In the customer’s defense, I would say that banks make this intentionally confusing. It’s called unbundled pricing – every charge appears as a separate line item so it’s not easy to just say, “Here are my total fees for the month and here’s the number of payments I processed. I’m going to divide it out, and see how much it actually costs me.”

It’s hard to do the math, and a lot of people don’t even try because they don’t think there’s any alternative. They think that’s just what they have to pay, so why bother?

It reminds me of what banks do with ATMs. Remember when an ATM transaction was $1, and then they were all $2, and now some of them are even $3? One bank raises their prices and they all do it. People assume they have to put up with it when really, they don’t. ACH users don’t have to either.


Money left on the table

Most companies are leaving a lot of money on the table with ACH payments, both because of the true cost of the transaction and because it’s not a solution that can scale to the majority of your vendors.

Paying by credit card can actually earn rebates on electronic payments. Better yet, paying with new solutions that wrap all types of payment processing – check, ACH and card – into a single workflow and automatically make the payment by the lowest cost method can dramatically reduce the cost and manual labor associated with B2B payments, while extending payment automation to a larger range of vendors.

It’s time to start paying attention to how you’re making your payments.

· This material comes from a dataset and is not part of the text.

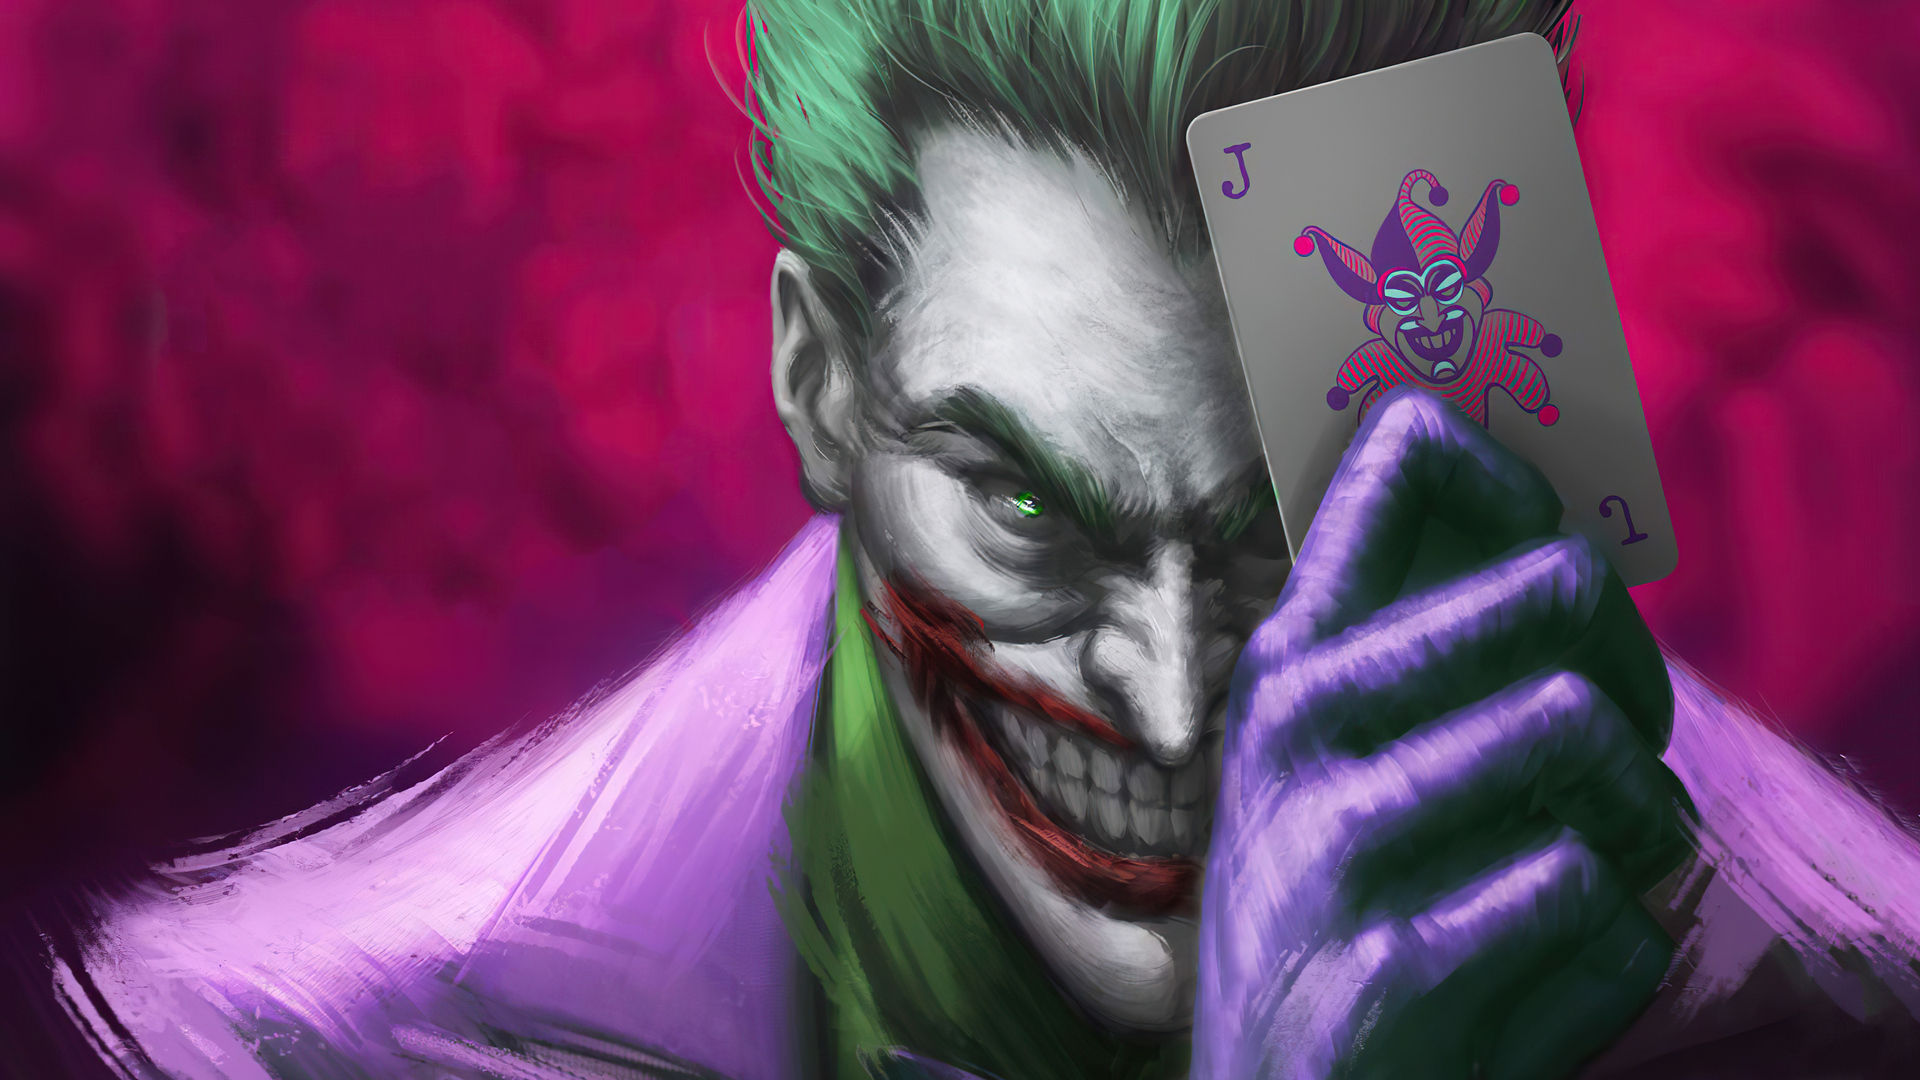 Joker Play Card 4k Wallpaper

How many are by printed check? How many are by ACH? How many are by card? Is the percentage of payments you make electronically growing, holding steady or shrinking?

Look at your bank statement and put a pencil to it. How much does it cost you to do check, ACH and card payments?

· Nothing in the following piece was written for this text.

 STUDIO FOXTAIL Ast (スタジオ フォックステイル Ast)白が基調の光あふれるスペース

Once you’ve added up all your payments and what they cost, figure out if you move from 35% electronic payments to 50%, what’s that going to save you? How much will it add to your bottom-line?

Then set a benchmark and try to move toward it. Making at least 70% of your payments electronically should be achievable. It stands to reason that if more than 70% of vendors accept electronic payments, any company out there should eventually be able to pay 70% of their vendors electronically with the right tools and processes in place.

Tana Law, Co-Founder and Senior Vice President of Sales at Nvoicepay
Tana Law is Co-Founder and SVP of Sales of Nvoicepay. Law has more than 25 years of experience in the payments industry. Prior to Nvoicepay, Law was VP Sales at Zevez and spent 18 years in various roles at Discover Card Services including Regional Director, Senior National Accounts Manager, Business Development Manager, Director of Support Services, District Manager, and Account Executive. On behalf of Discover Card, she established contractual policies and procedures for the then emerging payment industry group of “transaction aggregators.” As Regional Director, Law established many of the sales performance policies and metrics still in place at Discover.